Committee backs plans to help increase local Curlew and Lapwing breeding success

ABC: WRC event funding proposed

Councillor Paul Greenfield

Adam Morton


Adam Morton


Local Democracy Reporter

Armagh City, Banbridge and Craigavon Borough Council’s environment committee has backed a project aimed at increasing the number of breeding curlew and lapwing birds in the borough.

Members of the committee were told, at its meeting on Tuesday, May 3, about biodiversity service’s work with the Lough Neagh Partnership to stop the decline of endangered breeding waders.

It was explained that although lapwing are a common sight in the borough, the population is made up mostly of wintering flock who breed in other countries.

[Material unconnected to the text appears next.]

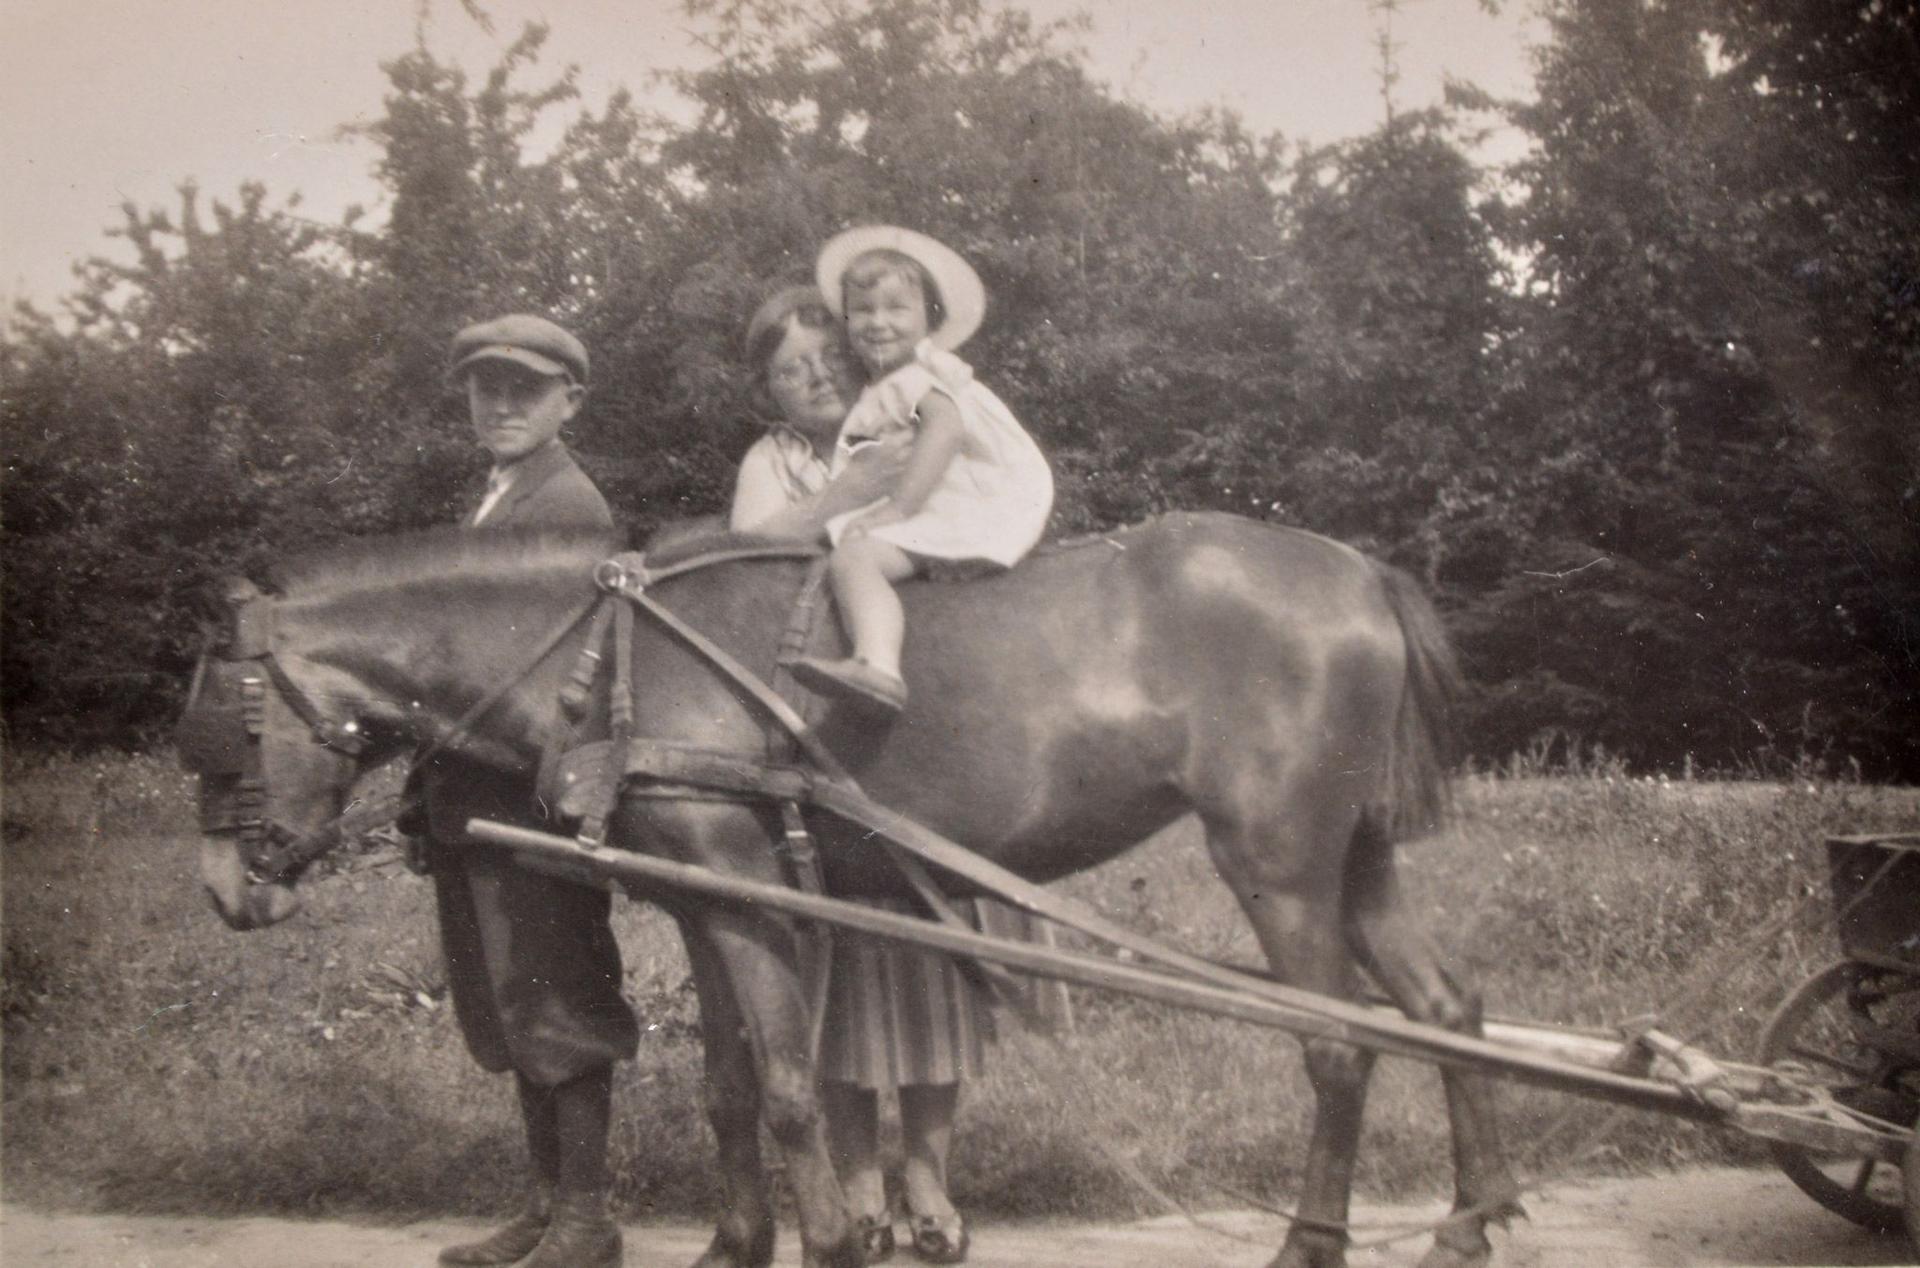 A black and white photograph of girl on a pony with two people around her

Officers noted local breeding birds are in steep decline and explained curlews are restricted to small areas along the River Blackwater and and the Lough Neagh shore.

In an attempt to understand and reverse this decline in nesting birds, the Lough Neagh Landscape Partnership has had a project officer based at Lough Neagh Discovery Centre who has been coordinating the monitoring of nesting birds, undertaking community engagement and working with farmers and landowners to protect nests and control predators on land with breeding waders.

Funding for the continuation of this project has been applied for via the environmental fund and is subject to the council approval but this funding, even if granted, will not be made available until the summer.

The curlew corner project aims to continue this monitoring and protection of nests during the vital breeding season. The breeding wader project aims to bridge the gap until further grant funding becomes available this summer.

It is anticipated that should funding be received, it can be matched with payment in kind, mostly staff time and volunteers.

Officers estimate this project will cost £3,690 and have confirmed this funding can be found within existing budgets.

Curlew and lapwing nesting sites have been identified and the project will aim to monitor these nests during the breeding season. Advice will be given to landowners and farmers about protecting the nests and further engagement with the local community is planned.

The project will also design and supervise any predator controls so that best practice is observed while a report will be produced on the progress of the project and the outputs delivered.

The overall goal of the project is to build a team of local people informed and invested in curlew and lapwing breeding success along the Lower Blackwater River and the Lough Shore.

Presenting the report to members of the committee, the council’s head of environmental service, Barry Patience said that officers were content that if members could agree to this “it would be a very beneficial thing to do”.

A proposal to accept officers’ recommendation to approve the breeding wader project was put forward by Councillor Paul Greenfield and seconded by Councillor Julie Flaherty and the committee voiced its support for the proposal.